I don't know that I really want to go into details about the whole two and a half days. I still feel like I'm processing everything that happened and that I felt. Of course, it was absolutely wonderful, beyond wonderful to see them both again. It felt like opening up a link to another lifetime, back to when I was a child, living in Minnesota happily oblivious to how lucky I was to have my mummy who loved me with me every single day. A link back to a time I could barely remember and a woman I hardly knew.
Less emotionally, it was a link back to the wonderful 5 weeks me, my Dad and my brother spent in Michigan when I was 12 years old; a 5 week period that had made me so happy I constantly brought to mind and perfected every little detail over the years, afraid they might be lost, etching everything so forcibly into my mind that, walking through the city again, I managed to recognise open fields that had been covered in snow last time but were now swishing with high green grasses.

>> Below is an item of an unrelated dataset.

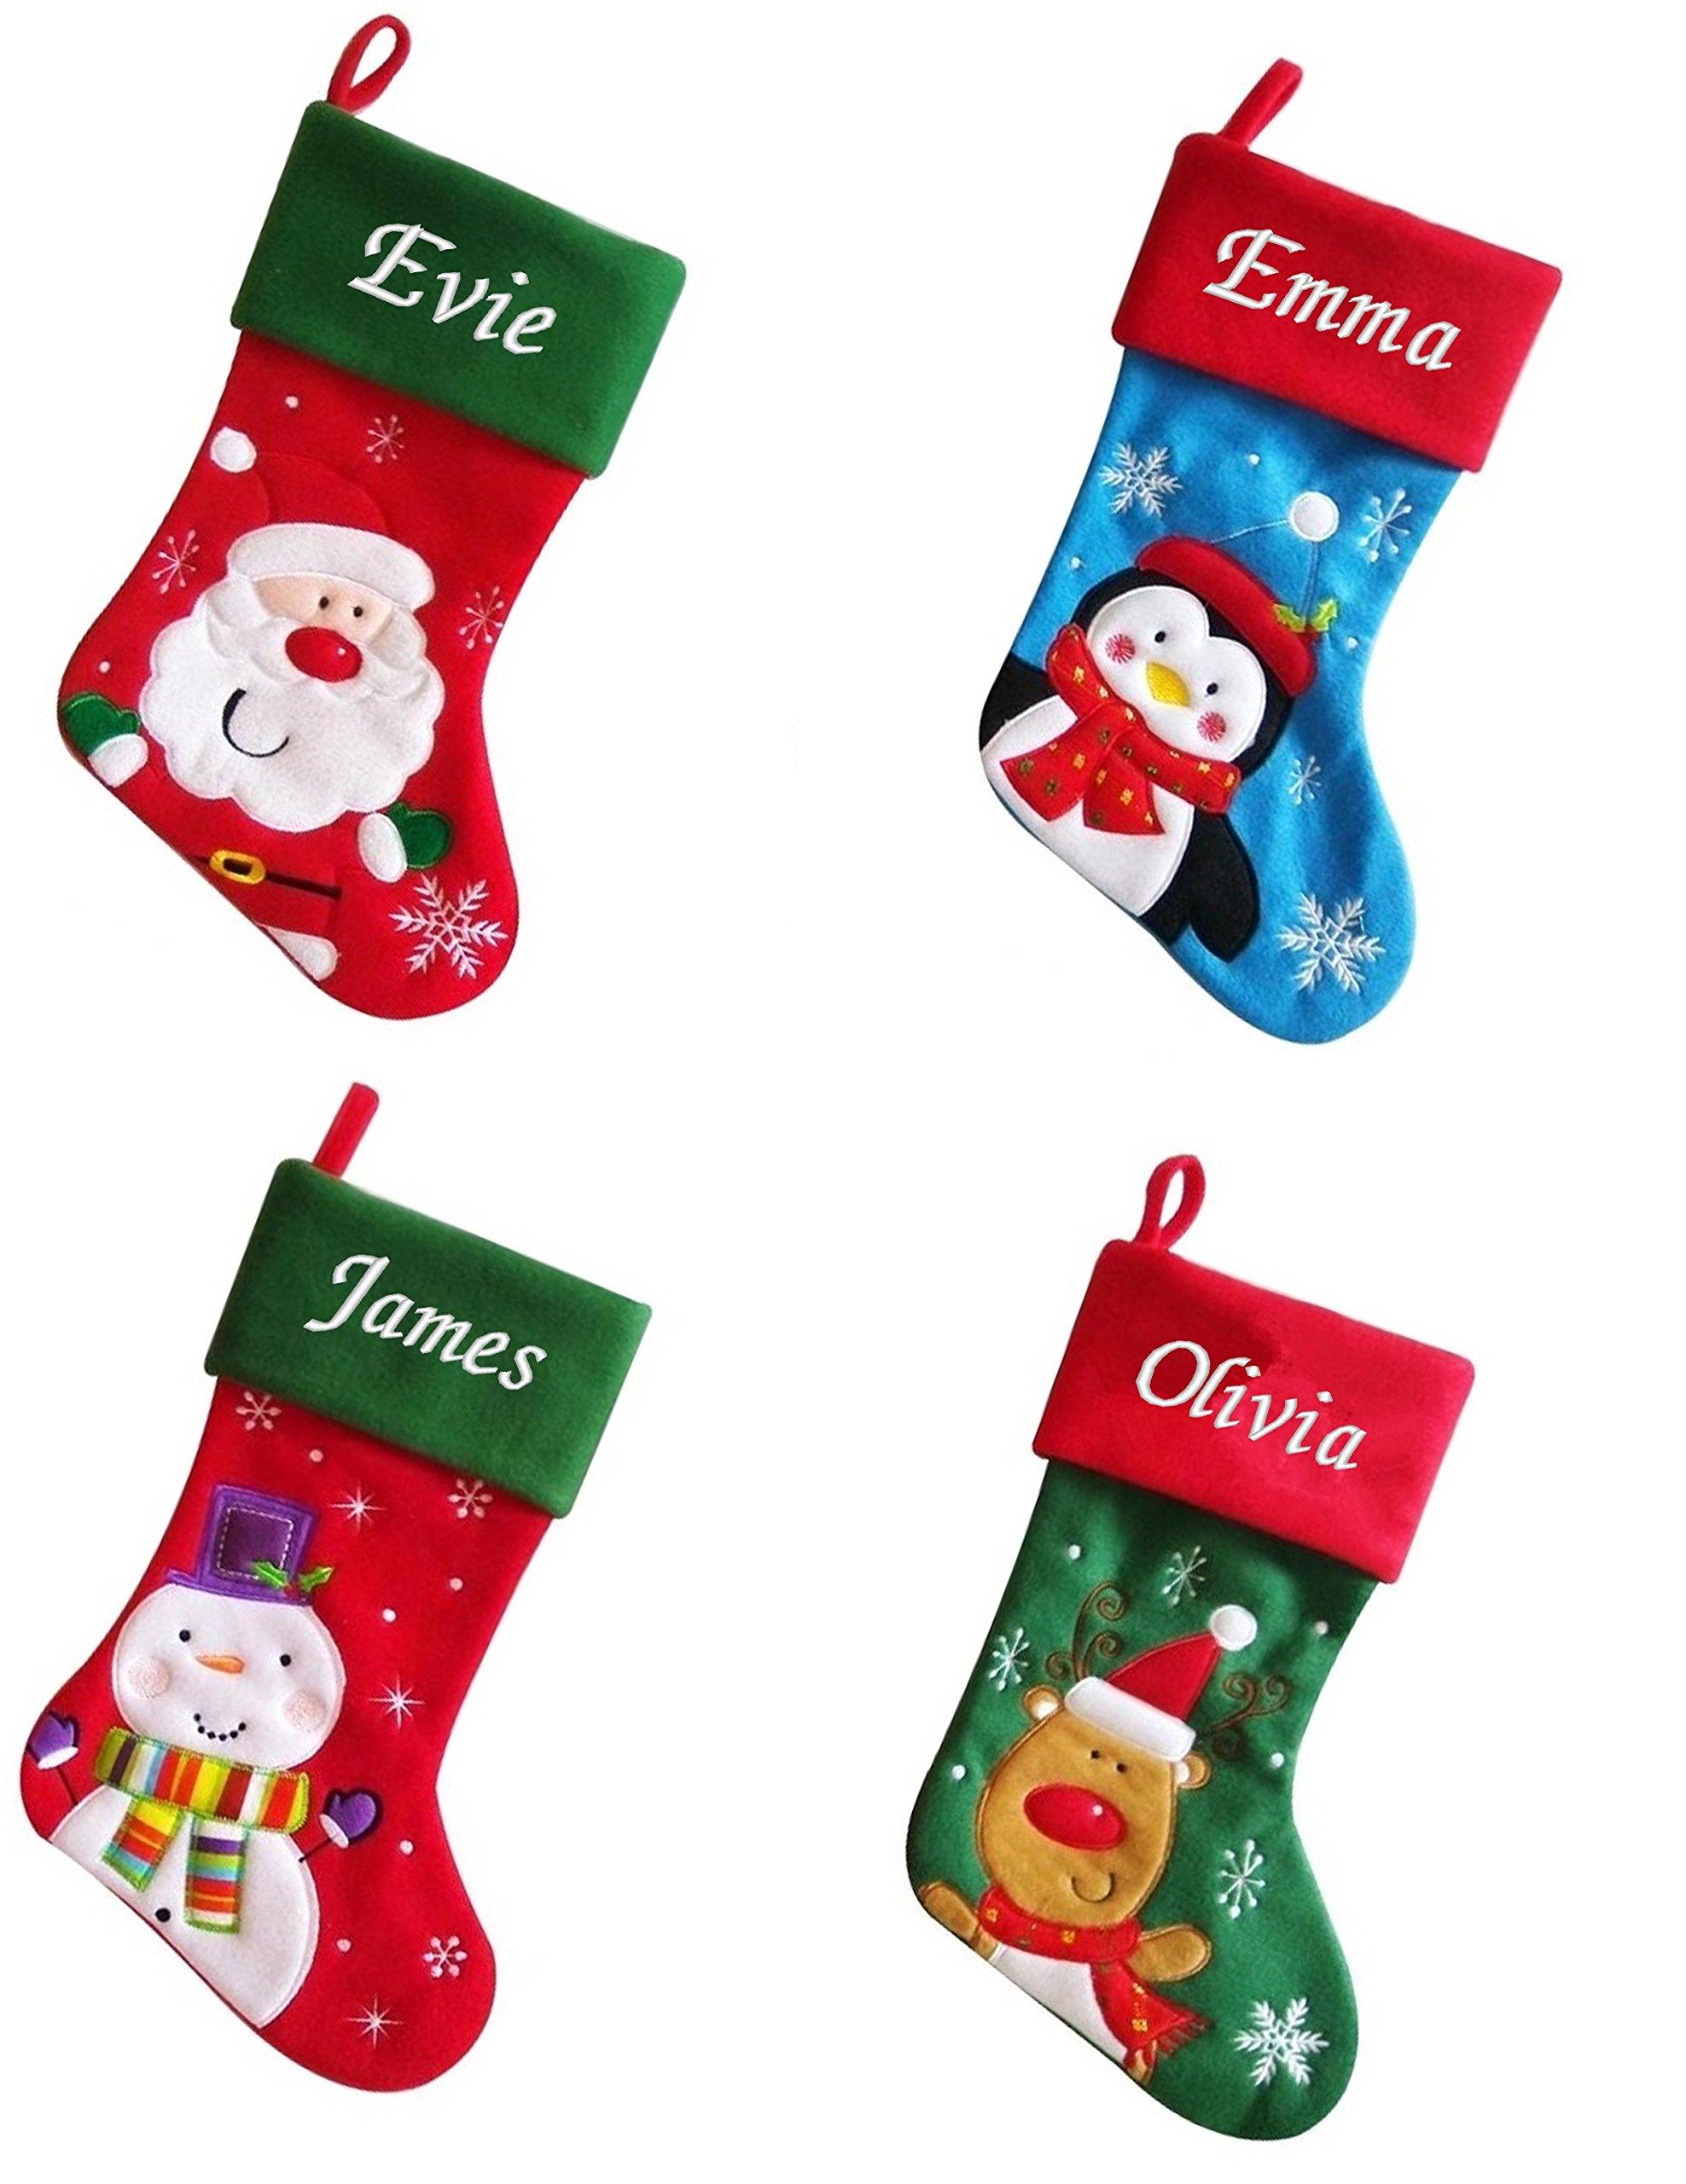 Embroidered Christmas Stockings.Luxury Deluxe Personalised Embroidered Christmas Santa Penguin Snowman Reindeer Xmas Stocking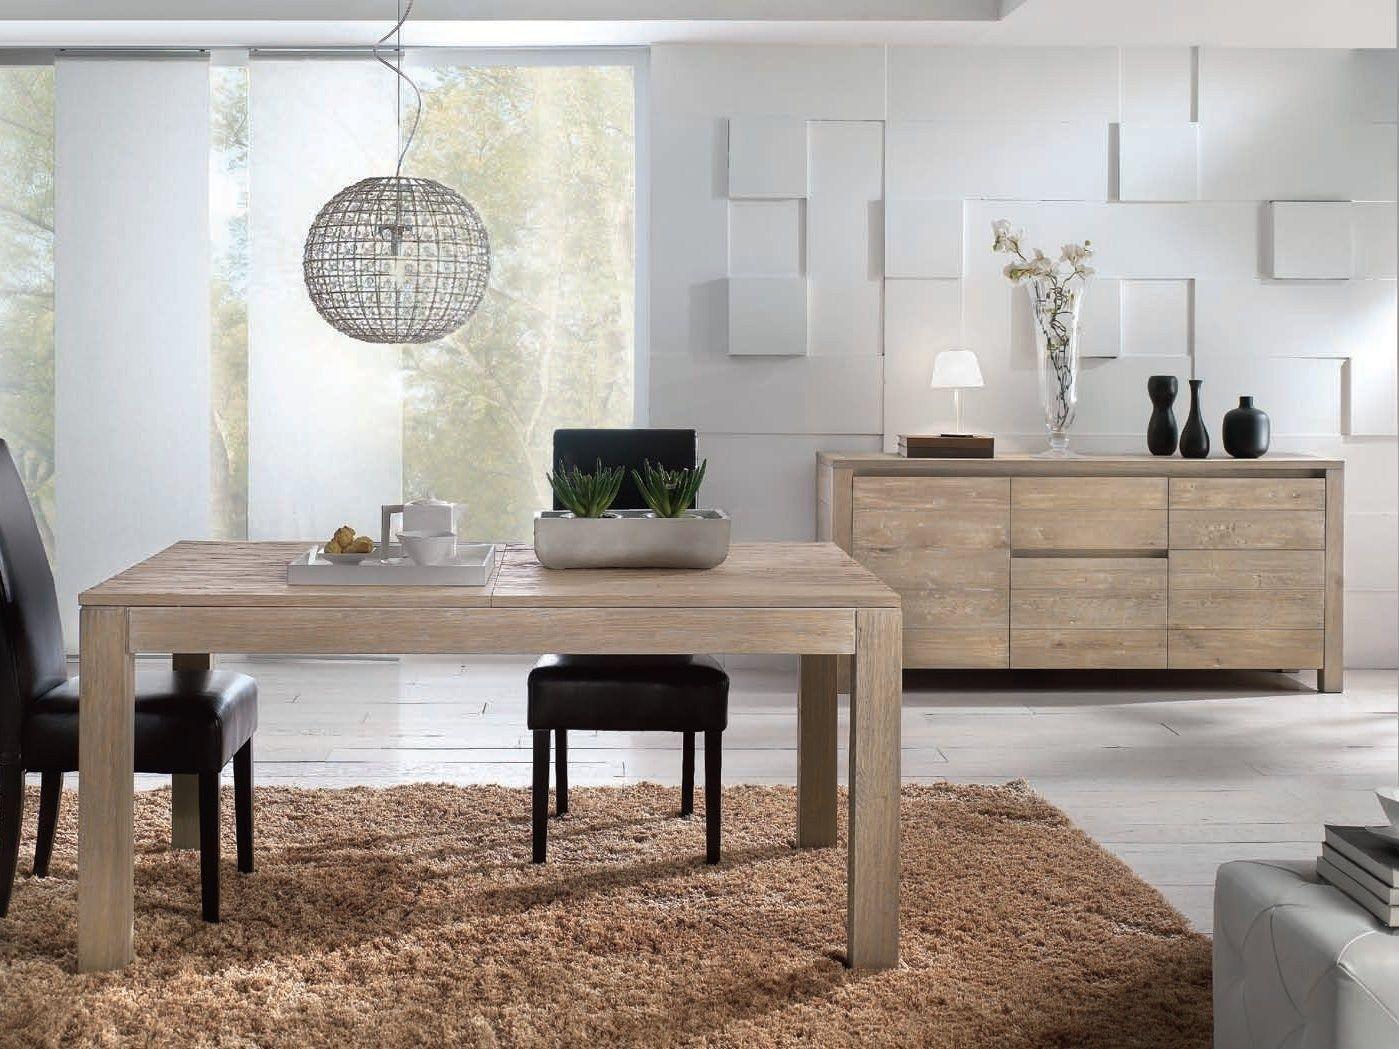 Mobili sala da pranzo cerca con google sala da pranzo dining dining table e furniture - Mobili sala da pranzo ...

They took me out to yummy vegetarian restaurants and fed me delicious local cheeses. We went cycling and visited local delis and gorgeous artisan shops. We tried to get sangria, but I got ID'ed (seriously!) and when I realised I didn't have my passport with me, I was forbidden alcohol by the bartender. I saw the university's art gallery, filled with gorgeous colourful furnishings created by Tiffany (of Tiffany & Co.), the grad library with its airy roof and the law library that was built underground, but so light-filled and bright you'd never realise.
I was 'all grow-ed up' (as they kept saying), but there was something about being there, with them, that made the past feel all so brand-new and raw and only just out of reach. On one level, everything about Ann Arbor, its big, gorgeous wooden houses, the leafy suburbs and the green university campus, the buzzing downtown and not to mention our friends' house (which still had a hint of the same unique woody smell it had back in 1996) and our family friends, seemed so comforting, so peaceful, so exactly right. On some level, I felt so completely at home and safe and calm that I couldn't ever imagine leaving.
Of course, I did have to leave and far too soon. Worried about my internship and the performance for the Cork Midsummer Festival, I had left only the bare minimum of time in Detroit and just as I had begun to get to know our friends' two little girls, just as I was getting used to having the sun again, just as I was getting used to being around our friends again, I had to leave. They dropped me off at the airport at 6:30am for a 7:30am flight and as the car drove off, I could feel myself reeling. I cried getting my tickets. I cried at security. I cried waiting to board the plane. I cried as the plane took off. I cried at Chicago airport as I waited for my connecting flight for Alaska. I cried and I cried and I cried.
Glorious Minnesota Childhood
Because the fact of the matter was, that no matter how close all those years ago seemed whilst I stayed in Ann Arbor, they were still far too far away to go back to.